Actually the answer to this question is rather simple.
You have this code:
class Test{
private member: any = "private member";
}
alert(new Test().member);
In that code, you are mixing two different languages. This part is TypeScript:
class Test{
private member: any = "private member";
}
and this part is JavaScript:
alert(new Test().member);
The private
keyword in the Test
class for member
field is for TypeScript. Thus other classes within TypeScript cannot access the member
field because the TypeScript compiler will not allow it. For example, if you tried this, it will not work:
class Test2 {
constructor() {
var test = new Test();
test.member = "Cannot do this";
}
}
It makes no difference whether you put private
or public
on the generated JavaScript. The generated JavaScript code will always be:
var Test = (function () {
function Test() {
this.member = "private member";
}
return Test1;
}());
Therefore, you are able to do this because JavaScript will allow this:
alert(new Test().member);
This is not a rule carved in stone and there may be cases that I am not aware of but if you are using TypeScript, then why worry about what you are allowed to do using JavaScript; the idea is that you are no longer writing JavaScript so what you can/cannot do in JavaScript should not be something to worry about anymore.

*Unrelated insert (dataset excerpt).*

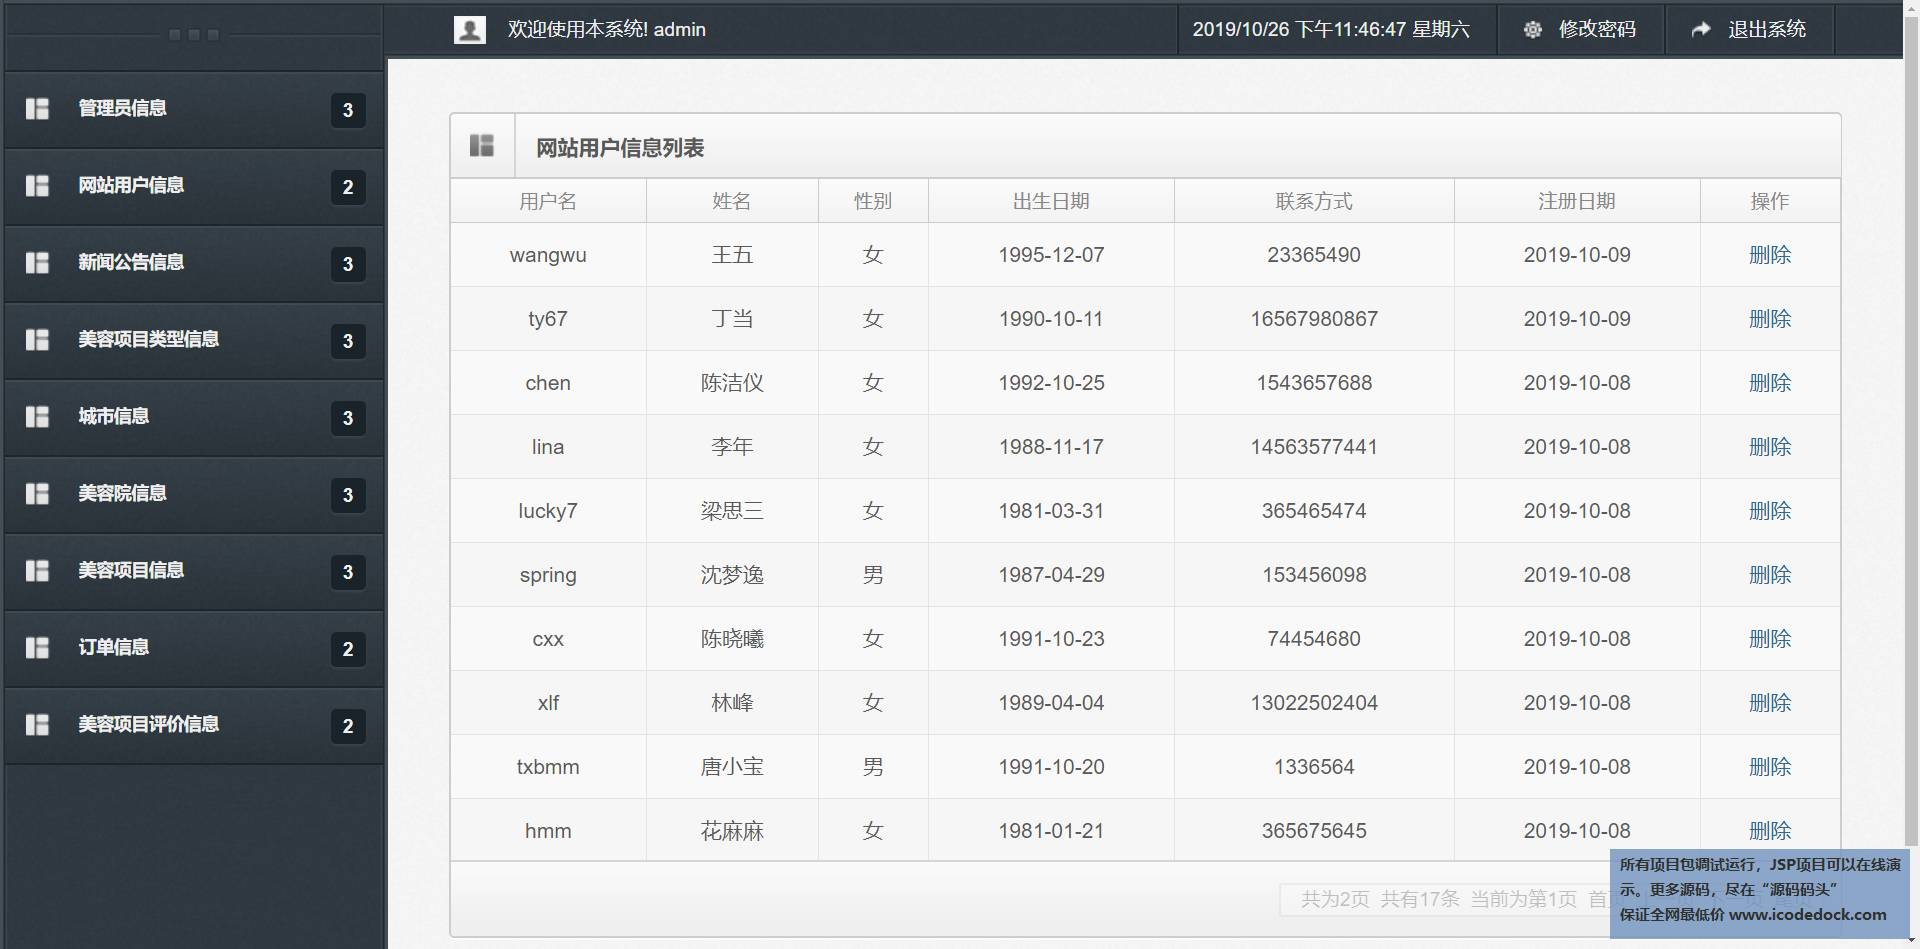 源码码头-SpringBoot美容院预约管理系统-管理员角色-网站用户信息列表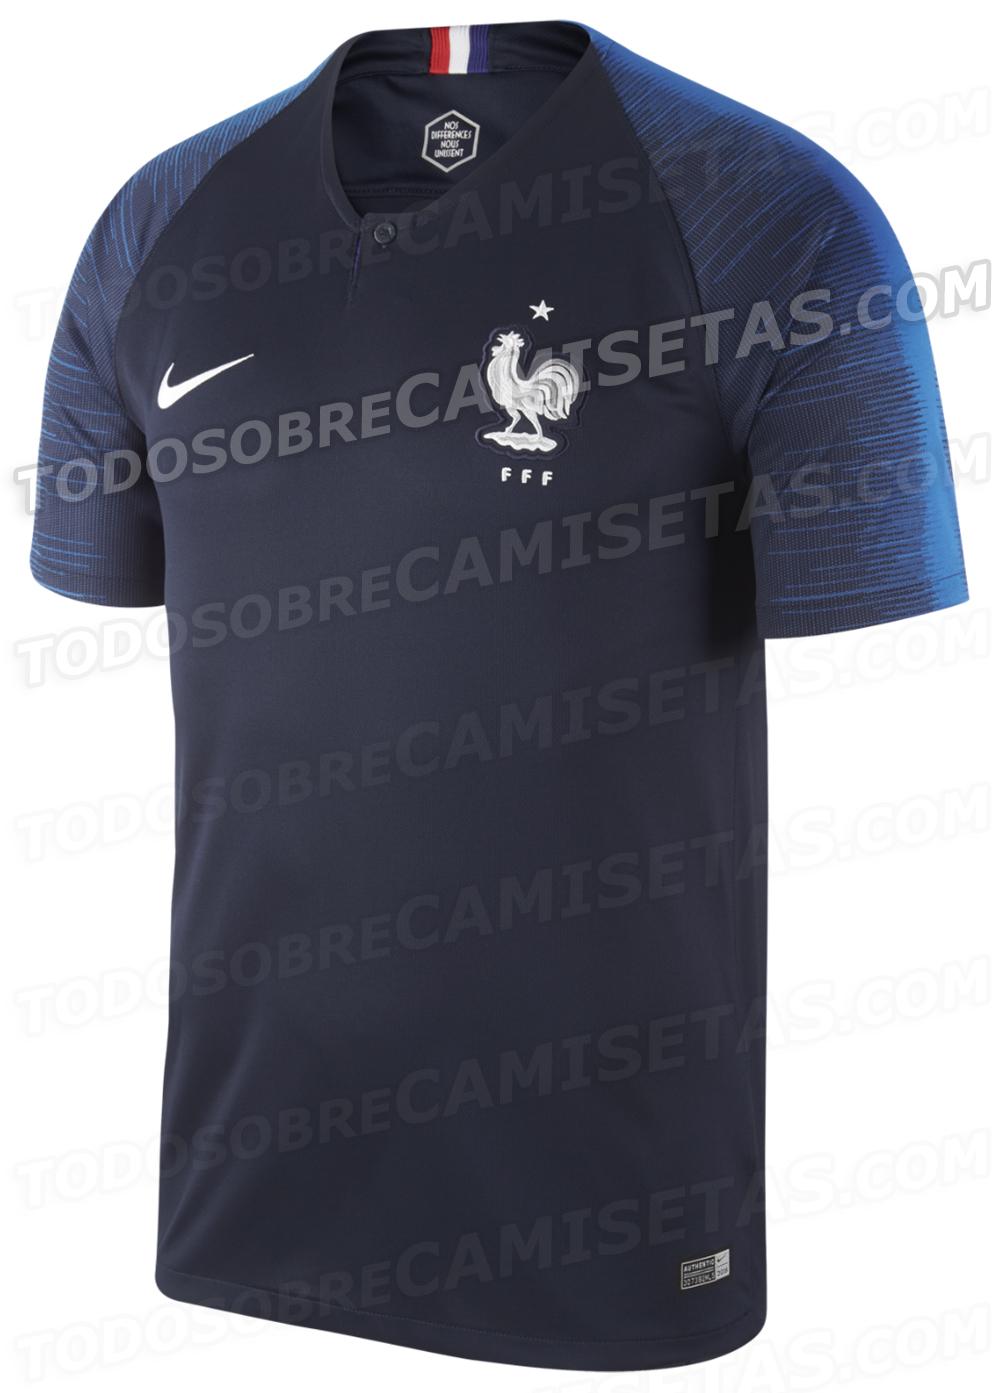 Site exibe imagens de camisas da França para a Copa do Mundo de 2018 ... 93f468b60d0d2

To me this worry would be the same as writing C# code and then saying how come I am able to change the private field in CIL or assembly language. I am not sure if CIL allows it or not, but that is not the point. The point is you just don't go poking around in what you can do with CIL after you write code in C#.
There may be cases where you write code in TypeScript but the public may use the generated JavaScript, a plugin perhaps, and you don't want them to break things, well in that case you would worry about it. For those cases, you would write your TypeScript code to make the fields private
even on the JavaScript side. Other answers have already covered on how to do that.